Results SAM analysis The samples described above were classified according to the relapse site, 69 samples were marked as bone and 38 as non-bone.
Using SAM, 73 sets of probes representing 69 unique sets were observed to be significantly differently expressed between bone and non-bone samples. The 5 genes with the highest classification were TFF1, TFF3, AGR2, NAT1 and CRIP1, all of which were expressed higher in the samples with bone relapse. The highest ranked gene, TFF1, was studied in 122 independent breast tumors by quantitative RT-PCR. The expression of TFF1 was significantly associated with the relapse site (p = 0.0015) with a relative mean expression level and a 95% CI for TFF1 of 3.02 (1.41 to 4.66) and -1.63 (-5.44 to 2.49) for the bone and non-bone relapse group, respectively. Genes corresponding to SEQ ID Nos. 112-147, were expressed higher in the bone relapse samples. The rest was expressed lower.
PAM analysis Samples were divided into a training set (n = 72) and a test set (n = 35) stratified by the relapse site, ER protein level and metastasis free interval. Using the optimal cut-off procedure, 588 informative genes were selected to be included in the analysis PAM. A 31-gene predictor was selected after a 10-fold cross validation of the training set that could identify the bone relapse samples in the test set with a sensitivity of 100% and a specificity of 50%. The predictor showed a positive predictive value of 79.3% and a poor classification of 17% of the samples. 17 genes in the profile, including TFF1, were also present in the list of SAM genes (all 31 genes are referred to in the column "PAM" in Table 11). To determine the validity of the gene set, 50 sets of 100 randomly chosen genes were also analyzed. These random gene sets were used to introduce a PAM analysis using the same set of training and testing. The mean percentage of poorly classified samples was 28.5% (SD 4.3%). This indicates that 17% of the poorly classified samples found by the current PAM gene list is significantly smaller (z 2.67, two tails p = 0.008) than the random data sets.

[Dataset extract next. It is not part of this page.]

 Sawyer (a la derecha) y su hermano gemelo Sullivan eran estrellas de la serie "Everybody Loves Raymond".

TABLE 10 Clinical and tumor characteristics of the patients for SAM and PAM Characteristics All Relapse to No relapse to patients bone bone Number 107 69 38 Age (mean ± SD) 53 ± 12 52 ± 12 54 ± 11 5-40 years 16 (15%) 12 (17%) 4 (11%) 41 -55 years 49 (46%) 32 (46%) 17 (45%) 56-70 years 34 (32%) 20 (29%) 14 (37%) > 70 years 8 (7%) 5 (7%) 3 (8%) Menopausal status Premenopausal 51 (48%) 33 (48%) 18 (47%) Postmenopausal 56 (52%) 36 (52%) 20 (53%) Stage T T1 54 (50%) 38 (55%) 16 (42 %) T2 50 (47%) 31 (45%) 19 (50%) T3 / 4 3 (3%) 0 (0%) 3 (8%) Deficient Degree 61 (57%) 39 (57%) 22 ( 58%) Good-Moderate 10 (9%) 9 (13%) 1 (3%) Unknown 36 (34%) 21 (30%) 15 (39%) ER * 1" Positive 80 (75%) 57 (83%) 23 (61%) Negative 27 (25%) 12 (17%) 15 (39%) PgR * Positive 56 (52%) 38 (55%) 18 (47%) Negative 48 (45%) 28 (41%) 20 (52%) Unknown 3 (3%) 3 (4%) 0 (0%) * ER and PgR are defined positive when tumors contain > 10 fmol / mg protein or > 10% of positive tumor cells. t Patient characteristics are equally distributed between bone and non-bone relapses, except for the state of ER (value of p = 0.02), calculated using the distribution of? 2.

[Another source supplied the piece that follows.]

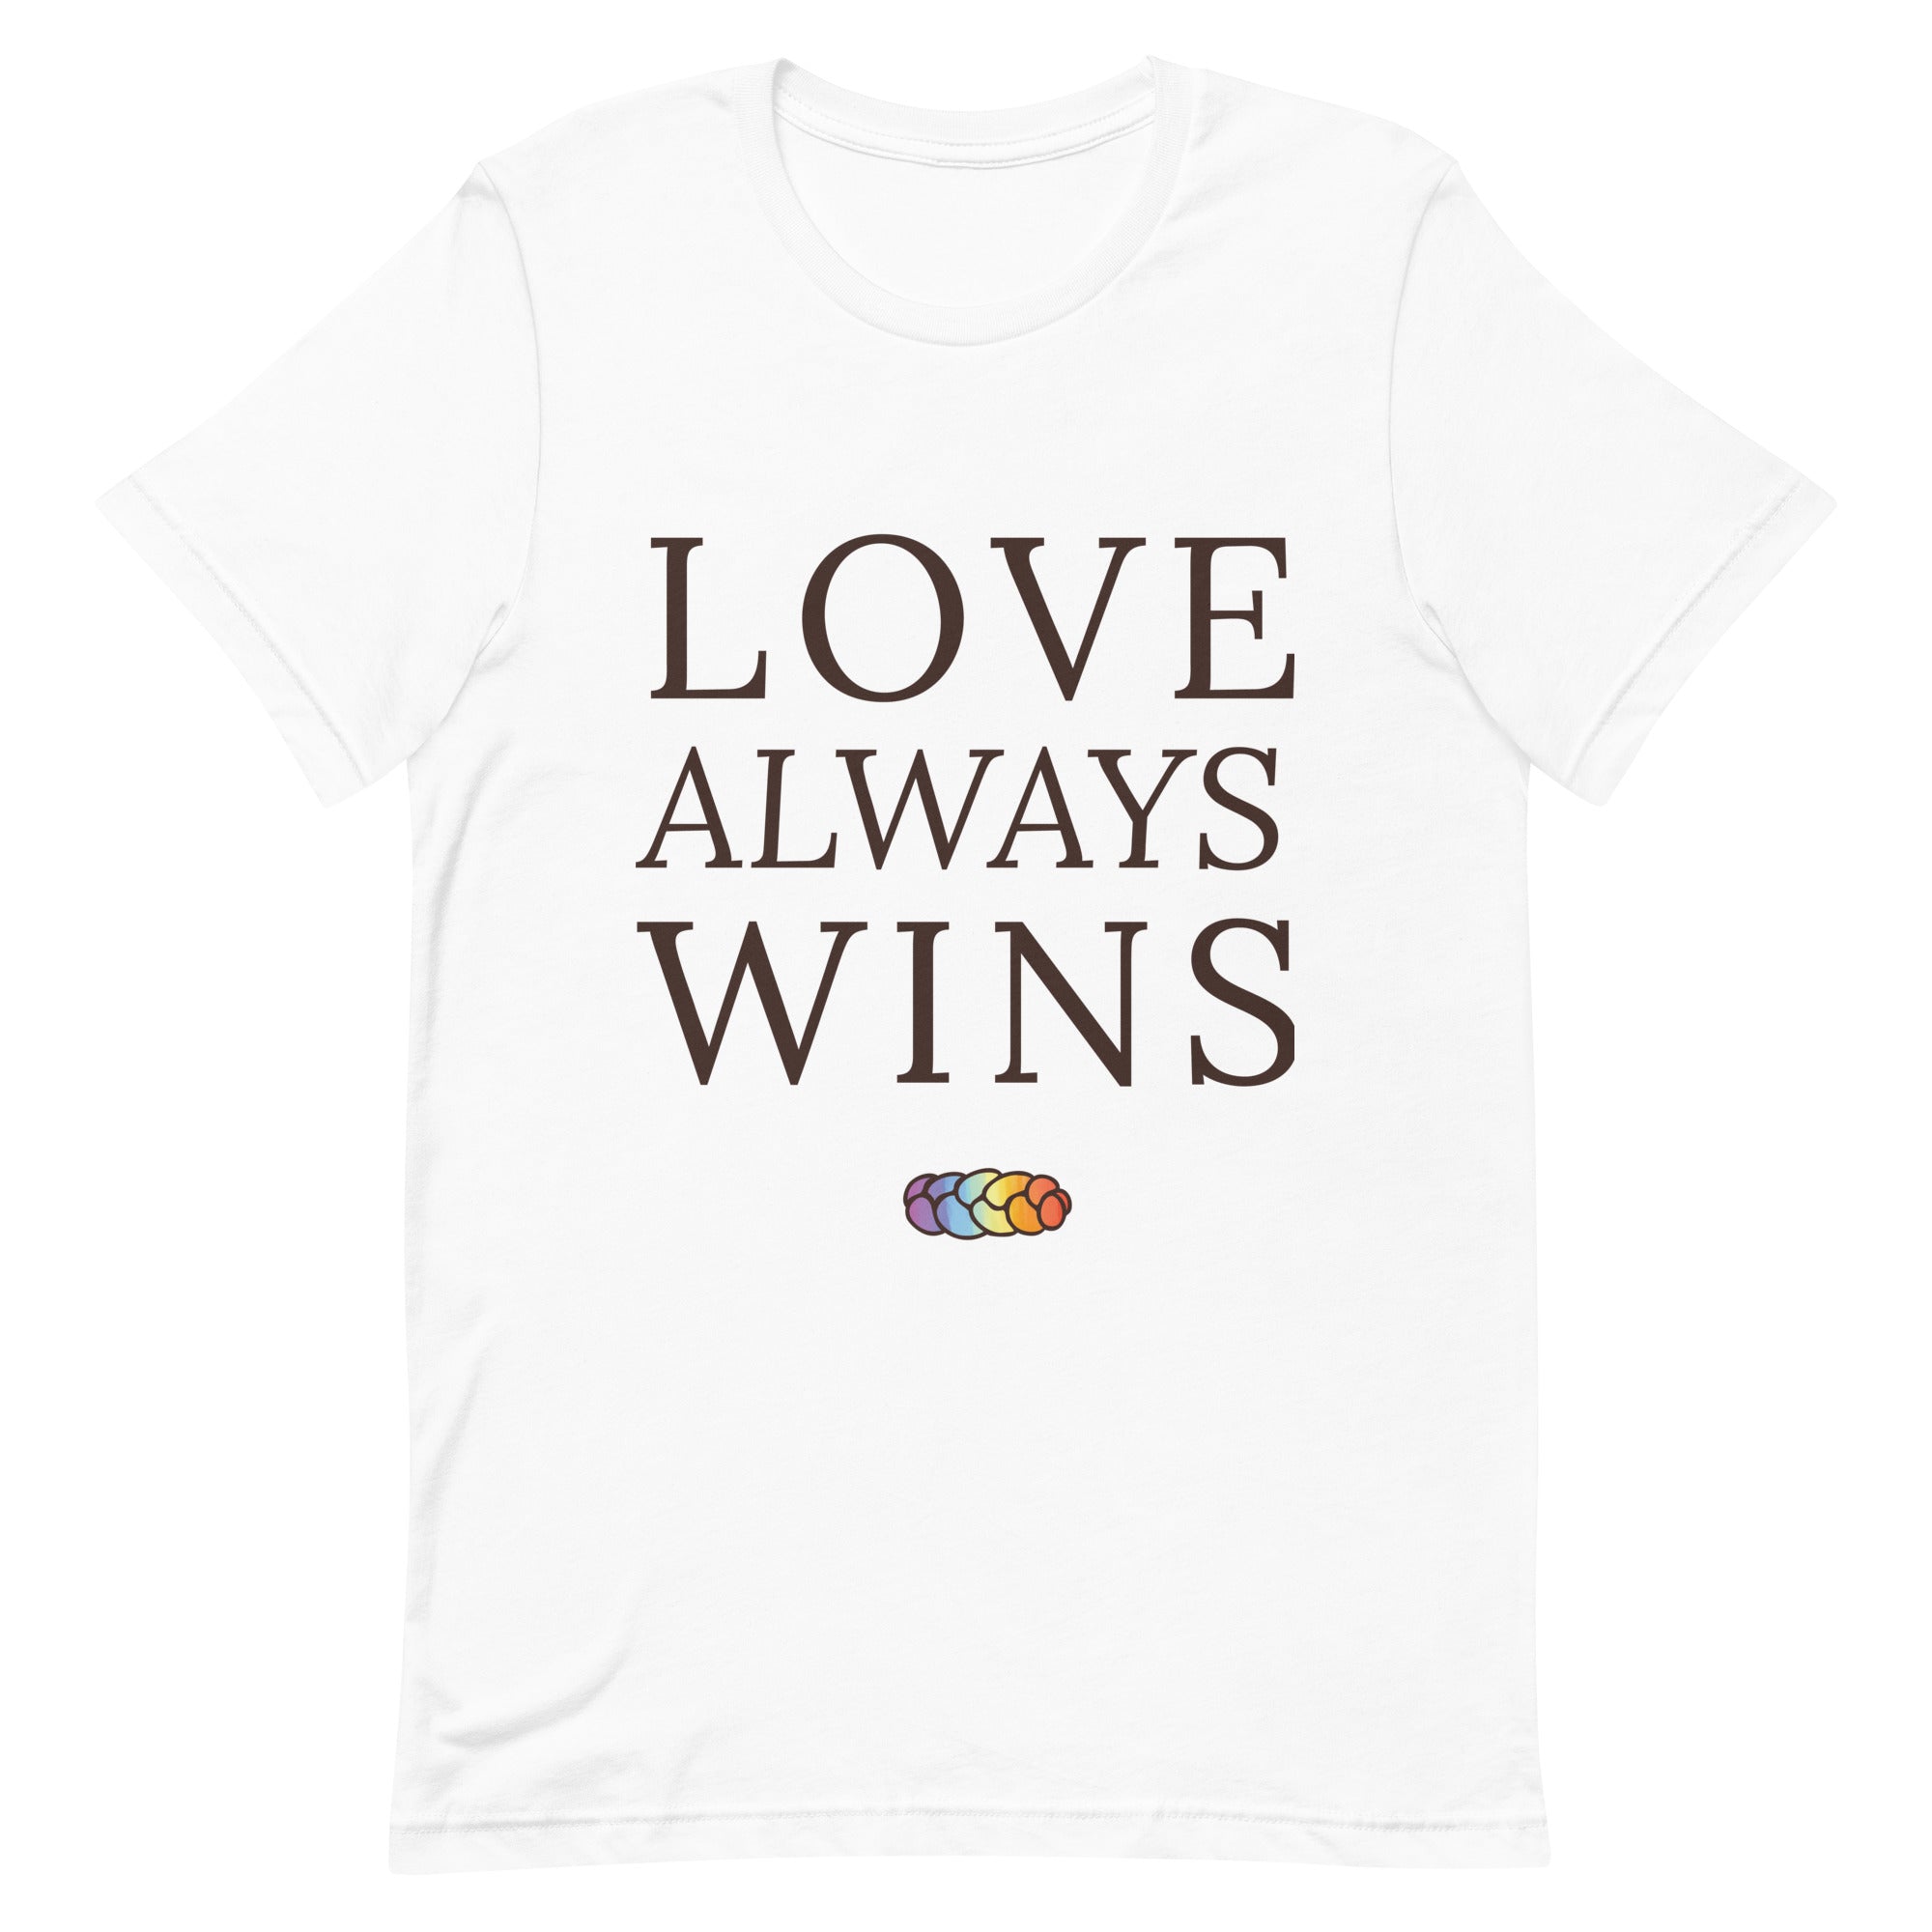 Love Always Wins: White

TABLE 11 Genes involved in the bone metastasis of breast cancer t Genes identified by the PAM analysis; the genes of this analysis that were not identified by SAM are annexed after the genes identified by SAM.
Path Analysis for the Bone Relapse Rubric Differentially expressed genes were compared with those found in the Gene Ontology and KEGG databases. Since there were only 8 genes from the SAM list listed in the KEGG database, that list was merged with a recently published bone metastasis profile. In that study, Kang et al., Generated expression profiles of the subclone gene of the ER-negative breast cancer cell line MDA-MB-231, which was then injected into mice, with a relapse to bone deficient or efficient. The genes expressed differentially between these two subtypes were considered as the rubric of relapse to bone. Since Kang et al. Used the same microarrays as those used in the previous examples, it was convenient to merge their list of 127 sets of probes (122 unique genes) with the list of SAM genes (n = 69). Although the two profiles they share only one gene (BENE), they are likely to try common trajectories. For this purpose, the maps of both lists were drawn in the KEGG database. In total 20 genes annotated in KEGG, revealed that 5 of the 20 genes (FGF5, SOS1 and DUSP1 (list of Kang) and FGFR3 and DUSP4 (SAM)), were located in the path of FGFR-p42 / 44 MAP kinase; this number of genes is statistically different from a random data set (p <0.0001). All 5 genes were upregulated in cells / tumors by bone metastasis. The 142 genes from the combined list that were entered into the Gene Ontology database were studied. Determinations were made as to whether the Gene Ontology descriptions were overexpressed in the merged SAM / Kang list compared to all the genes printed on the U133a microcircuit. Overexpressed annotations indicate biological processes, which are possibly linked to the relapse site. For example, the "extracellular" description was linked to 21 of the 142 (14.8%) genes of the bone marker list, while 1350 of the 16367 genes (8.2%) of the U133a microcircuit were noted for this description. This means that "extracellular" is 1.8 times overrepresented (p = 0.006, distribution of? 2) in the list of relapse to bone. Other examples are "cell adhesion" (17 genes, p = 0.0007) and "cell organization and biogenesis" (22 genes, p = 2.3 10"5) found 2.2 and 2.4 times overrepresented, respectively." In addition, "immune response" was significant (p = 8.7 10"5), but in contrast to the descriptions mentioned above, the genes linked to" immune response ", originated predominantly from Kang's list.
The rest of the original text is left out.